Regional Minimum Wages in 2024
With the new wage adjustment, the monthly minimum wage across the four regions will be:
Region | 2022 (VND) | 2024 (VND) | Increase (VND) |
Region I | 4,680,000 | 4,960,000 | 280,800 |
Region II | 4,160,000 | 4,410,000 | 249,600 |
Region III | 3,640,000 | 3,860,000 | 218,400 |
Region IV | 3,250,000 | 3,450,000 | 195,000 |
Additionally, minimum hourly wage rates for 2024 are as follows:
- Region I – VND 23,800 (US$0.94)
- Region II – VND 21,200 (US$0.84)
- Region III – VND 18,600 (US$0.74)
- Region IV – VND 16,600 (US$0.66)
How Minimum Wages Affect Businesses and Employees
The 6% wage increase has wide-reaching implications for businesses and workers alike:
- For Businesses: The adjustment affects social insurance, health insurance, unemployment insurance, and trade union fee contributions. Companies operating in multiple regions must adhere to the highest applicable wage rate when determining salaries.
- For Employees: Those employed under labor contracts, including in foreign companies, are guaranteed at least the minimum wage, which ensures a fair standard of living and better worker protections.
Impact on Social Insurance Contributions
A key consequence of the wage hike is its impact on social insurance contributions. The statutory pay rate, used to calculate these contributions, will increase from VND 1,800,000 to VND 2,340,000, causing a rise in maximum social insurance salary caps as follows:
Insurance Type | Before (VND) | After (VND) |
Maximum Social Insurance Salary | 36,000,000 | 46,800,000 |
Maximum Health Insurance Salary | 36,000,000 | 46,800,000 |
Maximum Trade Union Fee Salary | 36,000,000 | 46,800,000 |
Maximum UI Salary (Region 1) | 93,600,000 | 99,200,000 |
Who is Affected by the Wage Increase?
The wage revision applies to all employees working under labor contracts in businesses, cooperatives, organizations, and households that hire workers. Foreign employers in Vietnam must also comply with these rates. For companies operating in industrial parks or export processing zones that span multiple regions, the highest minimum wage rate must be applied.

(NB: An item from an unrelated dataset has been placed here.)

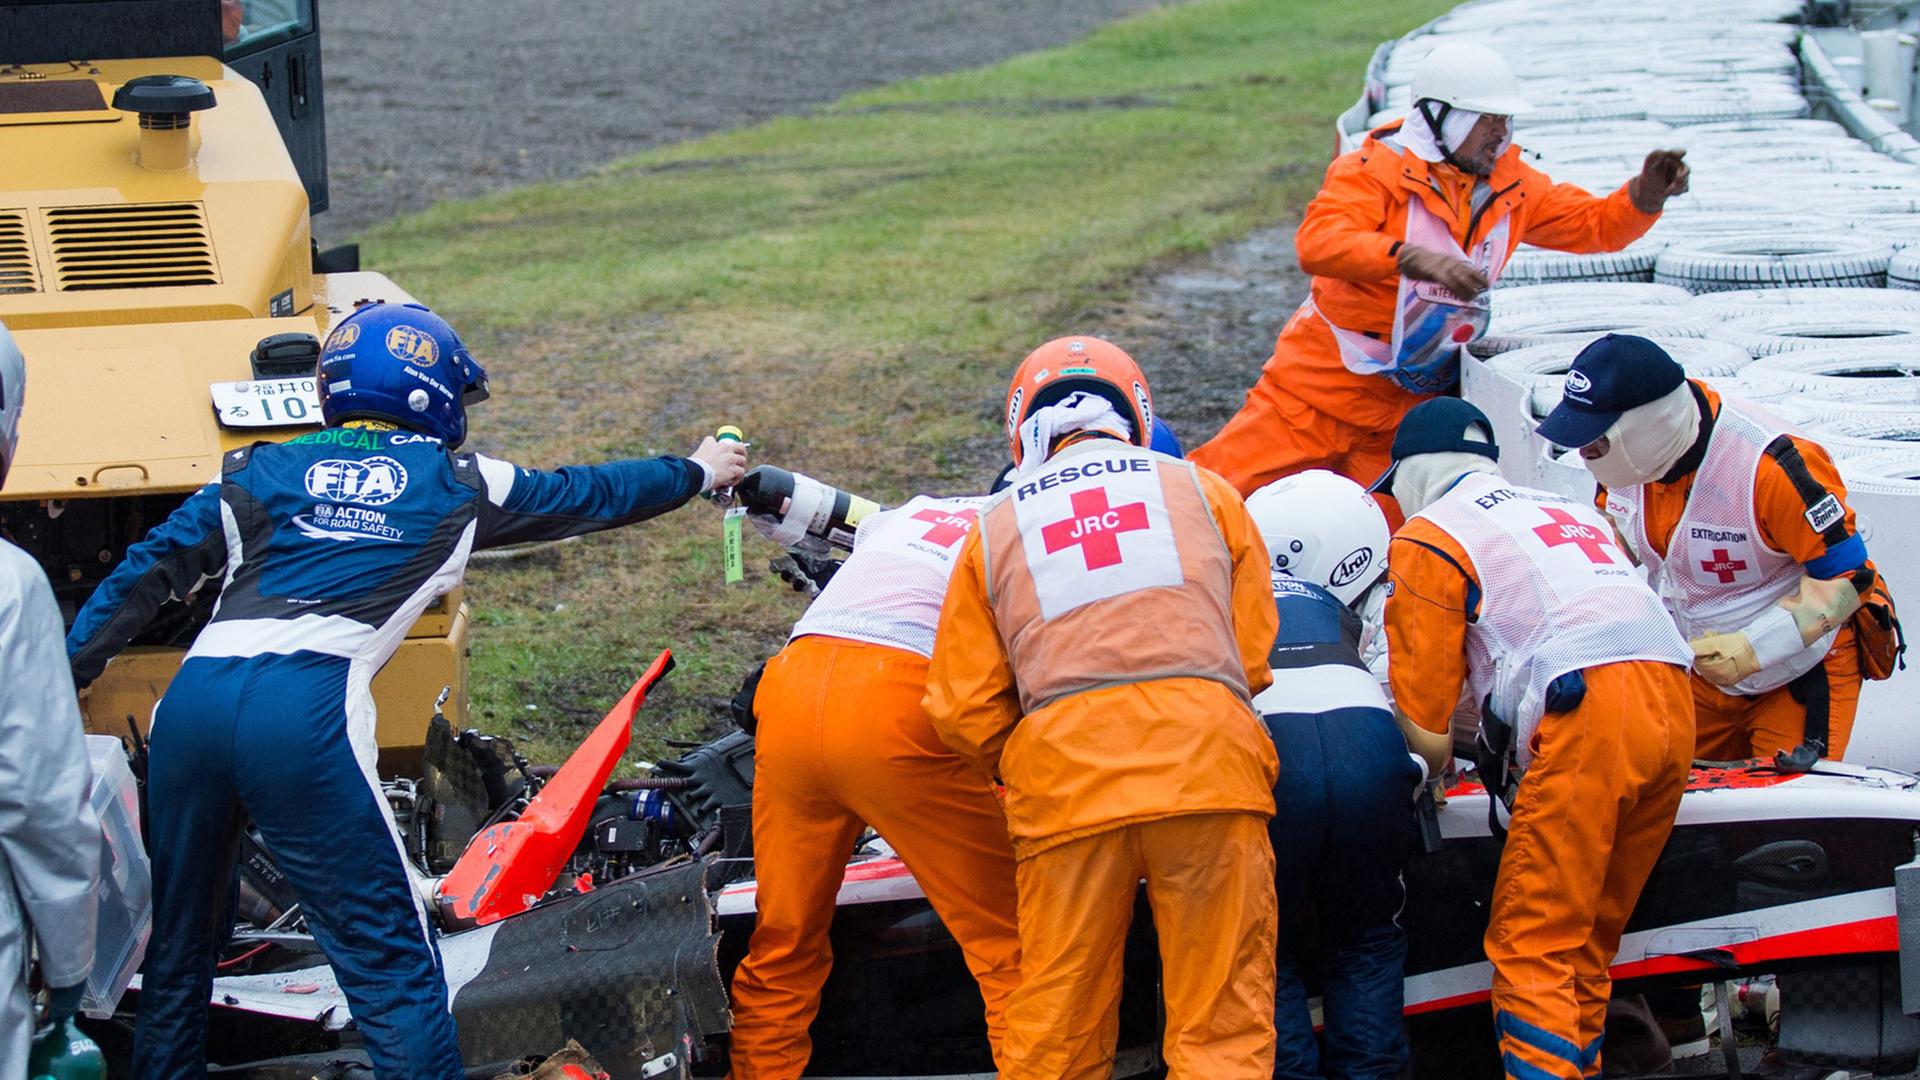 Formel-1-Fahrer Jules Bianchi wurde beim Rennen in Suzuka schwer verletzt. Beim verunglückten Wagen stehen zahlreiche Helfer und Ärzte und leisten erste Hilfe

Balancing Business Interests and Worker Welfare
Vietnam’s minimum wage policies reflect a delicate balance between ensuring fair pay and maintaining an attractive investment climate. The Vietnam General Confederation of Labor initially advocated for a 6.48–7.3% increase, while the Vietnam Chamber of Commerce and Industry pushed for a 4.5–5% rise to reduce cost burdens on businesses. The final 6% increase represents a compromise that considers both perspectives.
Final Thoughts: What’s Next?
The July 1, 2024 wage adjustment is the first increase since 2022 and sets a precedent for further revisions as Vietnam’s economy grows. Businesses should assess their payroll structures to align with new regulations while employees can expect better financial security. With Vietnam emerging as a regional manufacturing powerhouse, fair wage policies are vital in attracting top talent and maintaining labor market stability. As wages rise, businesses must prepare for increased labor costs while reaping the benefits of a motivated workforce.